What I learned in this meeting is that as an education major in college, I was “radicalized,” and, as a member of a competing organization, I am purposefully “dumbing down” my students in an effort to promote a Democratic agenda. 

I was extremely offended, and I want to defend myself and hopefully educate others in the process of doing so. I never took any political classes in college as an education major. I was not told when I signed my teaching contract some 13 years ago that I had to vote a certain way or belong to a particular political group. In fact, when I get up and go to work every day, politics are the furthest thing from my mind. My concern is for my students. I want them to be educated enough to make a difference in this world. I don’t care who they or their parents vote for, I just want them to be educated enough to make up their own mind and to respectfully stand up for themselves and for what is right, which is what I was trying to do by attending this meeting.

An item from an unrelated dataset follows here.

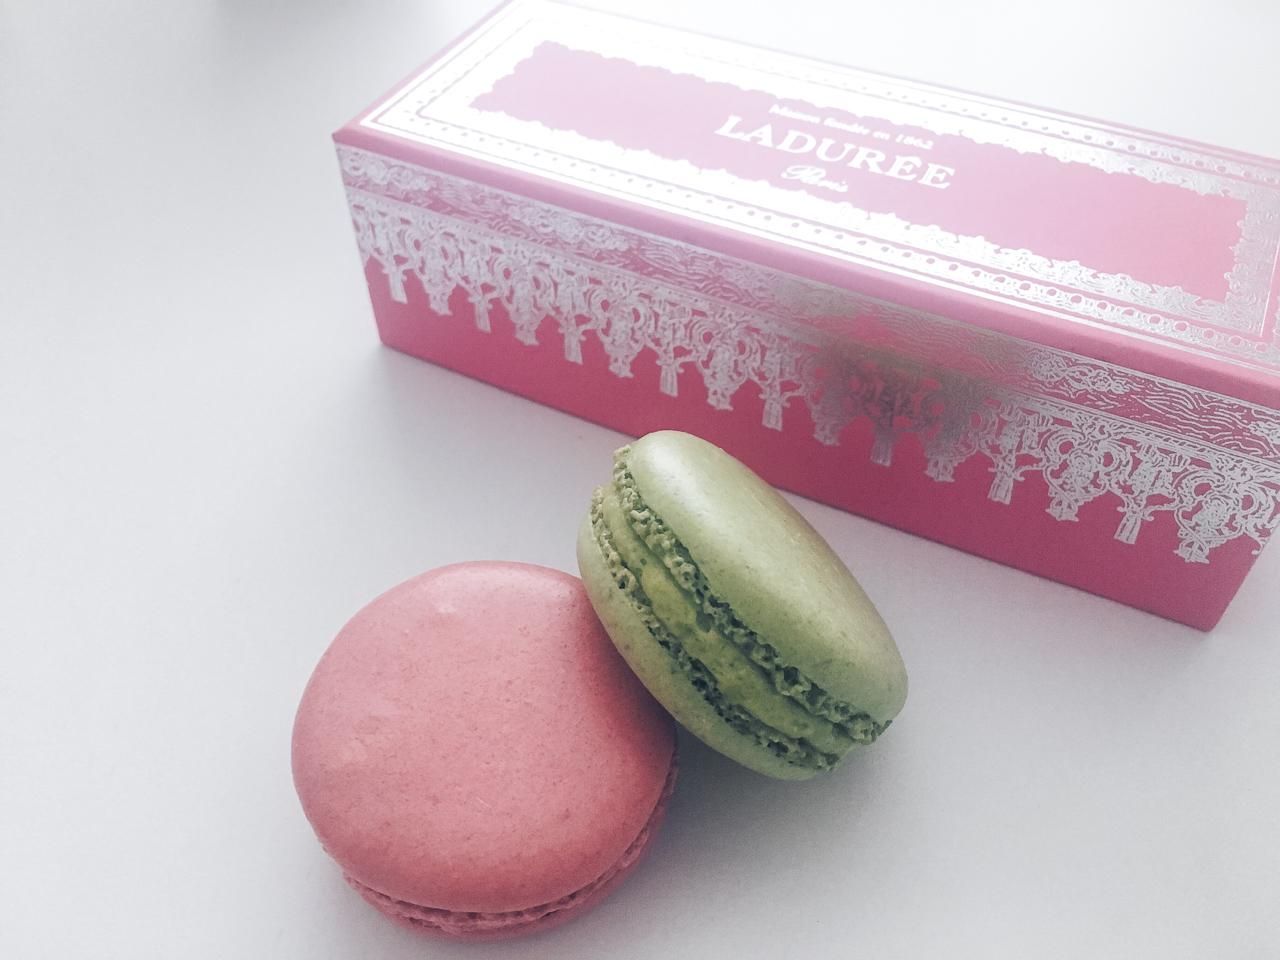 Laduree, macaron, Paris
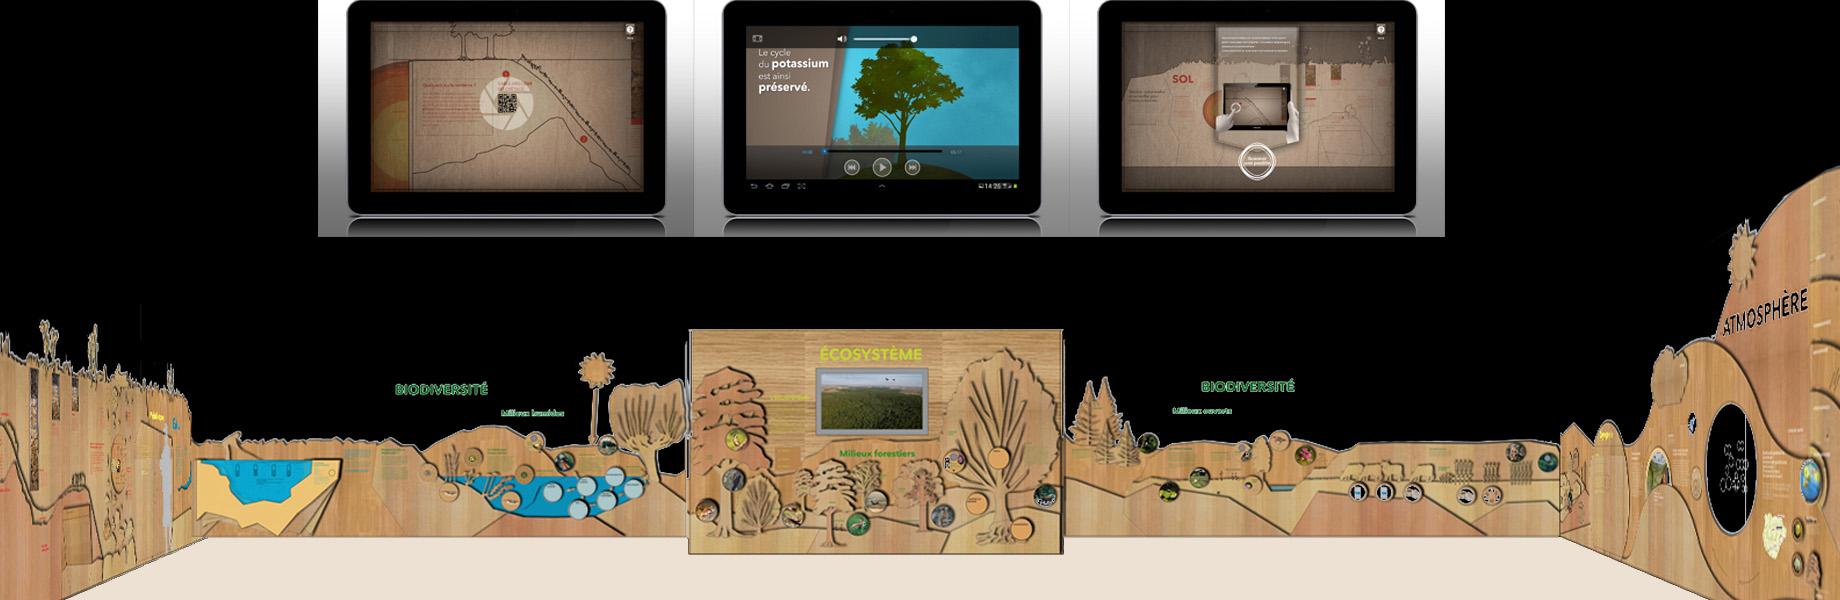 maskarade-scenographie-exposition-permanente-interactif-scientifique-animaux-tablettes

What I discovered, sadly, is that some people are more concerned with being right than with doing right. When I tried to ask a question of the speaker, Mary Stimek, president of the Republican Women of Wilson County, laughed aloud humiliating me in front of the group. All I wanted was to make sure people understand that this isn’t a simple issue.

There is more to all of this than meets the eye. These issues affect teachers in the classroom who don’t go to school every day trying to promote a political agenda. But no one asked. Not one person asked me how these changes would affect me or my students. They took the word of a hired speaker who used to teach many years ago in a different era and county, which told me that no one cared. That, to me, is disheartening. To think that there are issues out there that will affect teachers, and ultimately students, and instead of asking them, they laugh at and try to humiliate them. 

What I want others to know is that there are teachers out there just like me who pour their heart and soul into their jobs and try to do what is right by our students every day. We love what we do and the students whom we teach. We’re out there and you can ask us. We’ll tell you why we need the ability to collectively bargain. We’ll tell you why certain organizations were formed, and it isn’t for the reasons you may be hearing. We are just as concerned about keeping good teachers in the classrooms as anyone else is. Instead of listening to someone with a political agenda, ask us. We’ll help you understand. It’s what we do.